The jobs in the queues are managed and controlled by a batch queuing system, without which, users could overload systems, resulting in tremendous performance degradation. The queuing system will run your job as soon as it can while still honoring the following:
- Meeting your resource requests
- Not overloading systems
- Running higher priority jobs first
At the AFRL DSRC, we use the PBS Professional queuing system. The PBS module should be loaded automatically for you at login, allowing you access to the PBS commands.
2. The Anatomy of a Batch Script
A batch script is simply a small text file that can be created with a text editor such
as vi or notepad. You may create your own from scratch, or start with one of the sample
batch scripts available in $SAMPLES_HOME. Although the specifics of a batch
script will differ slightly from system to system, a basic set of components are always
required, and a few components are just always good ideas. The basic components of a
batch script must appear in the following order:
- Specify Your Shell
- Required PBS Directives
- The Execution Block
- Optional PBS Directives and Defaults
Note: PBS does not handle ^M characters well. Scripts created on a MS
Windows system should be transferred to the HPC systems in ascii mode, or else use
dos2unix to convert the file before use.
2.1. Specify Your Shell
First of all, remember that your batch script is a script. It is a good idea to specify
which shell your script is written in. Unless you specify otherwise, PBS will use your
default login shell to run your script. To tell PBS which shell to use, start your
script with a line similar to the following, where shell is either bash,
sh, ksh, csh, or tcsh:
#!/bin/shell
2.2. Required PBS Directives
The next block of your script will tell PBS about the resources that your job needs by
including PBS directives. These directives are actually a special form of comment,
beginning with #PBS. As you might suspect, the # character
tells the shell to ignore the line, but PBS reads these directives and uses them to
set various values.
IMPORTANT: All PBS directives MUST come before the first line of executable code in your script, otherwise they will be ignored.
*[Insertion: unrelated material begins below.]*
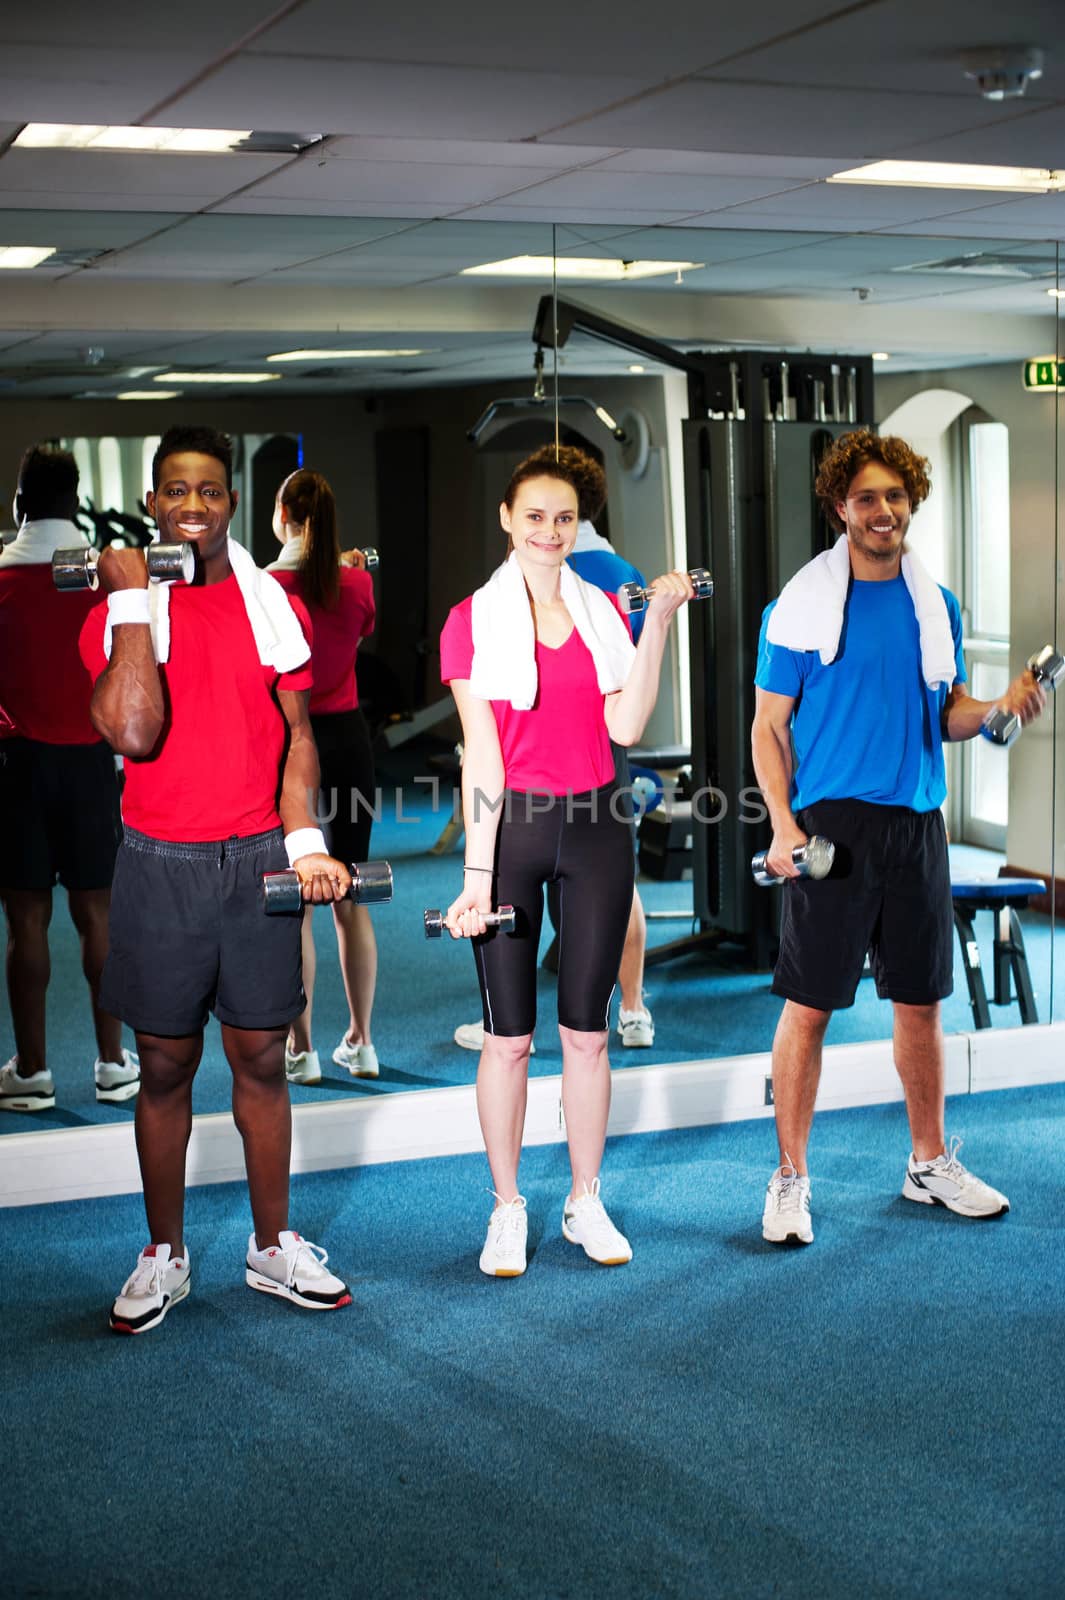 Group of people doing biceps exercise by stockyimages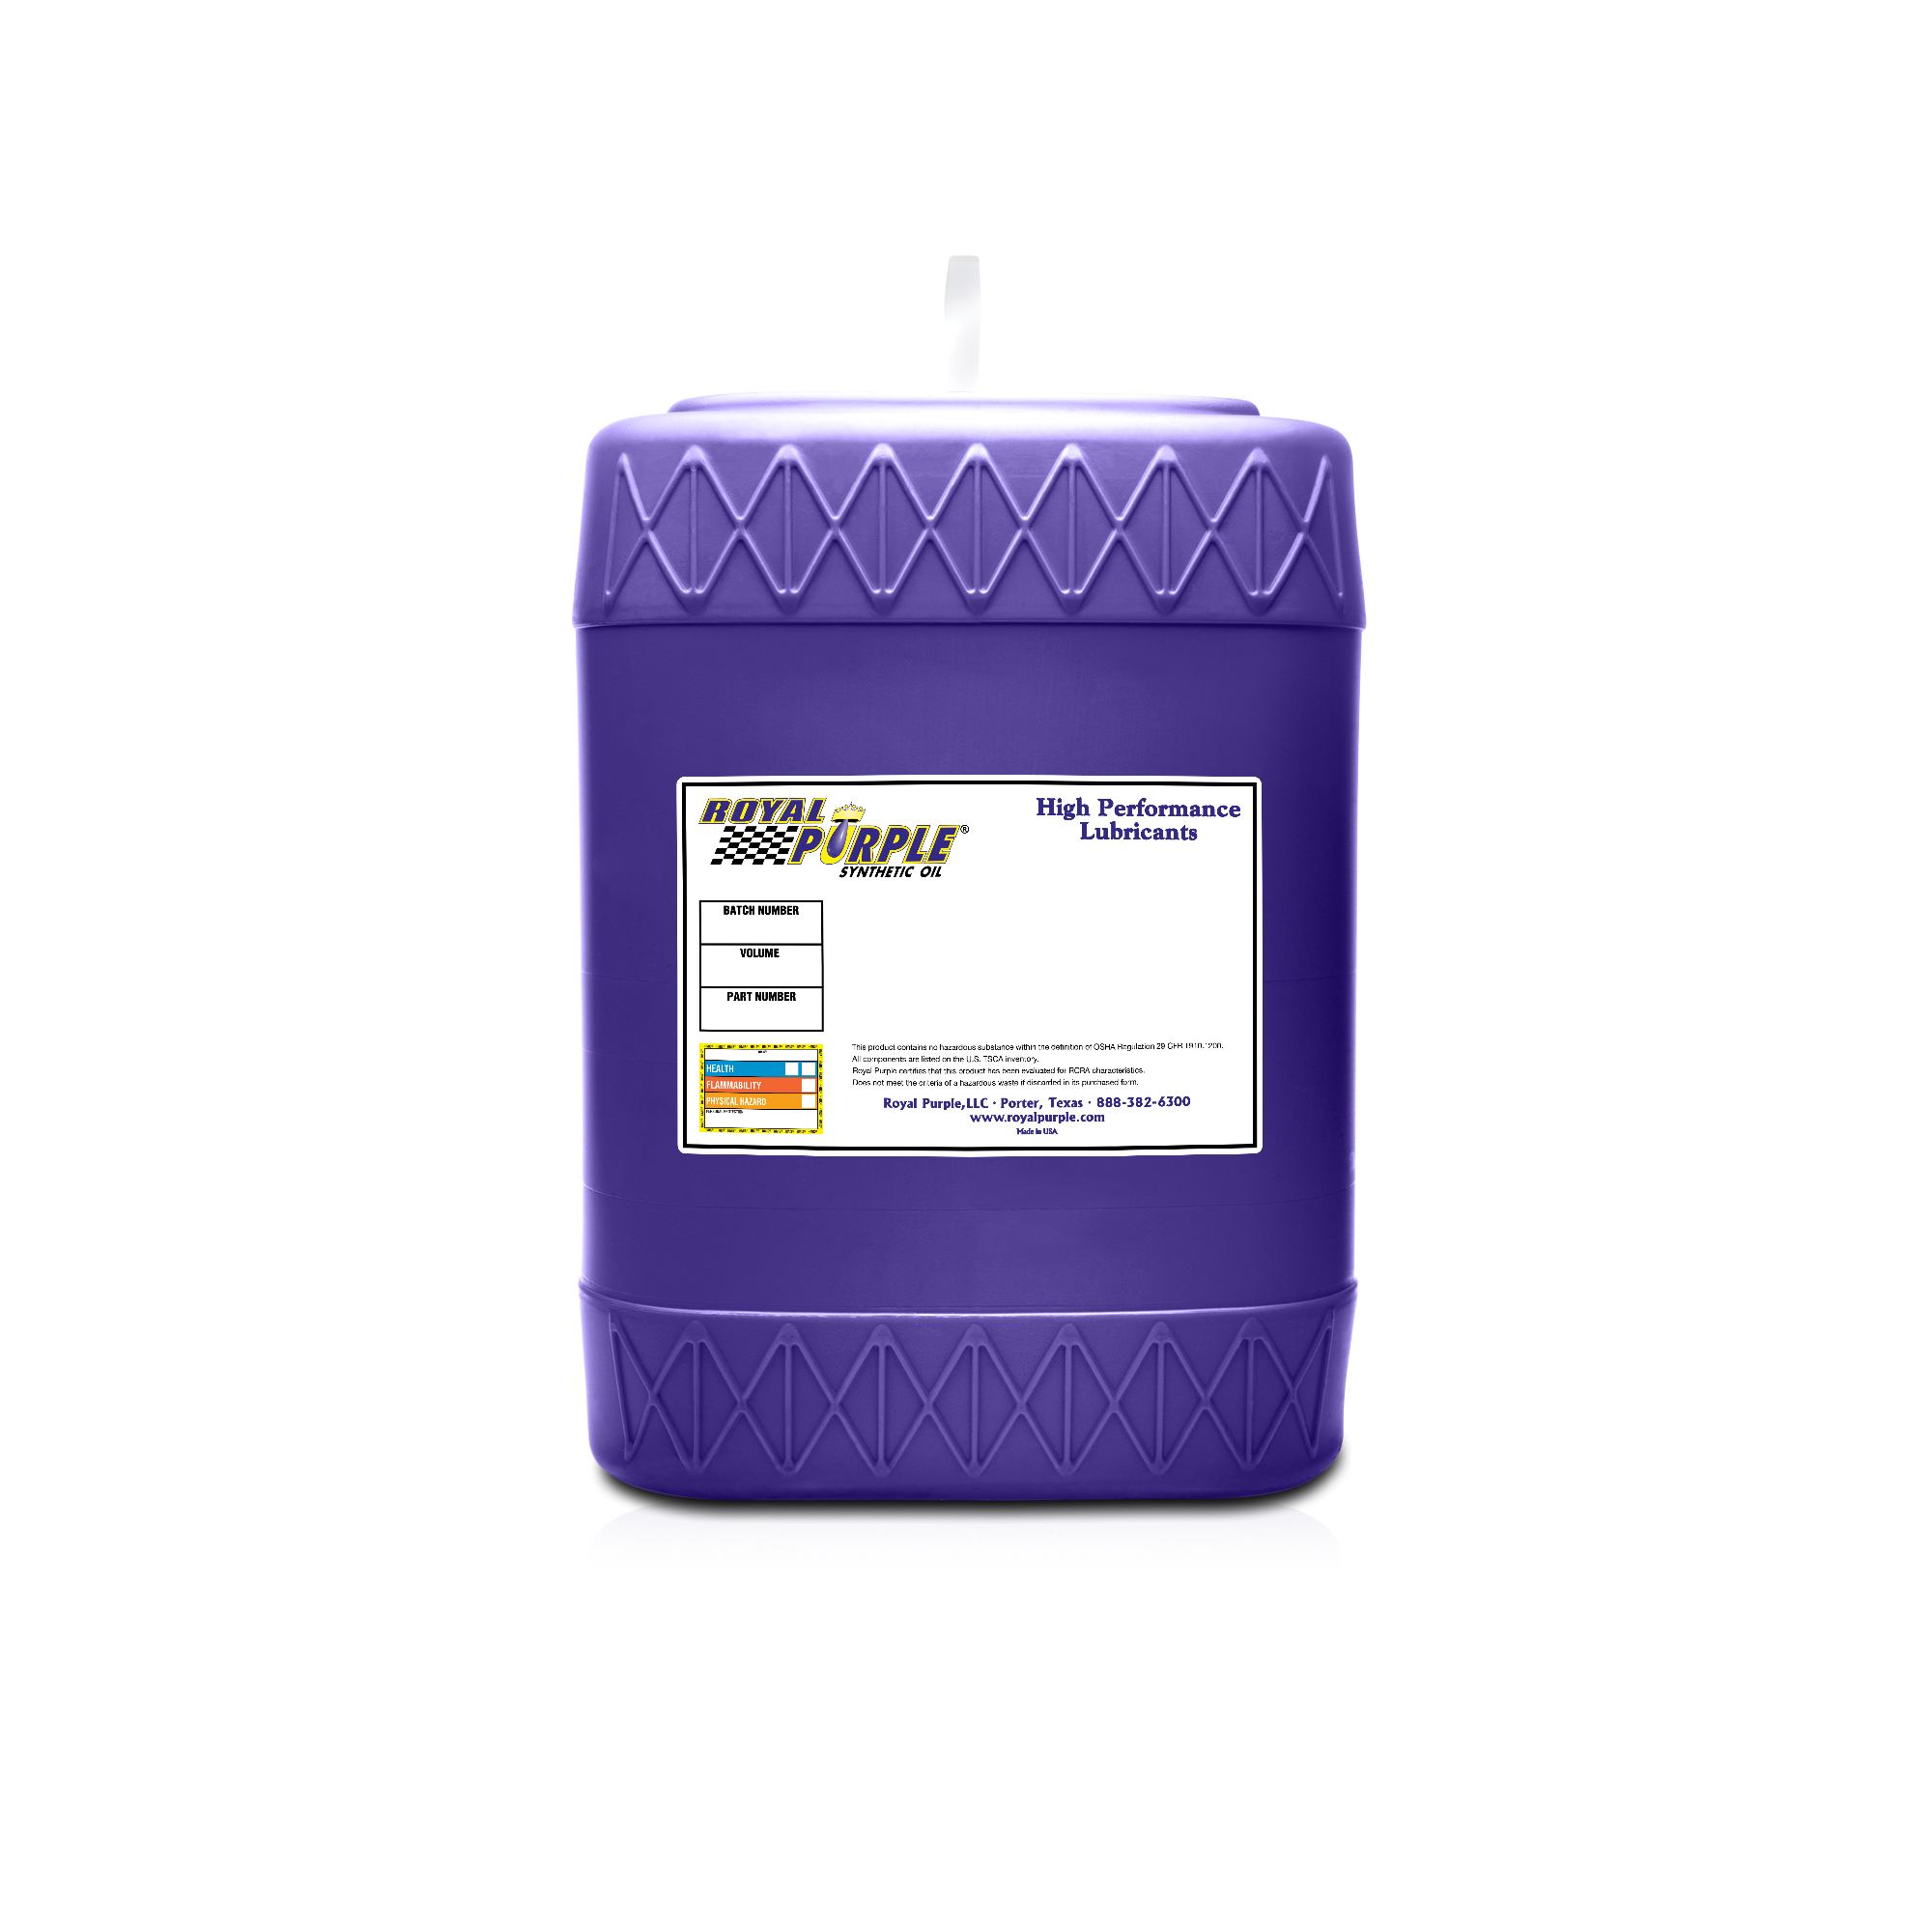 Royal Purple Wire Rope Lubricant 5-Gallon Pail 11377 Image

Every script must include directives for the following:
- The required number of cores
- The maximum amount of time your job should run
PBS also provides additional optional directives. These are discussed in Optional PBS Directives, below.
Note: While it is technically possible to specify PBS directives via the command line, we strongly suggest that you include them in your batch script instead. Doing so minimizes the opportunity for typing errors, allows you to see what you submitted later, and allows us to more easily assist you if something goes wrong.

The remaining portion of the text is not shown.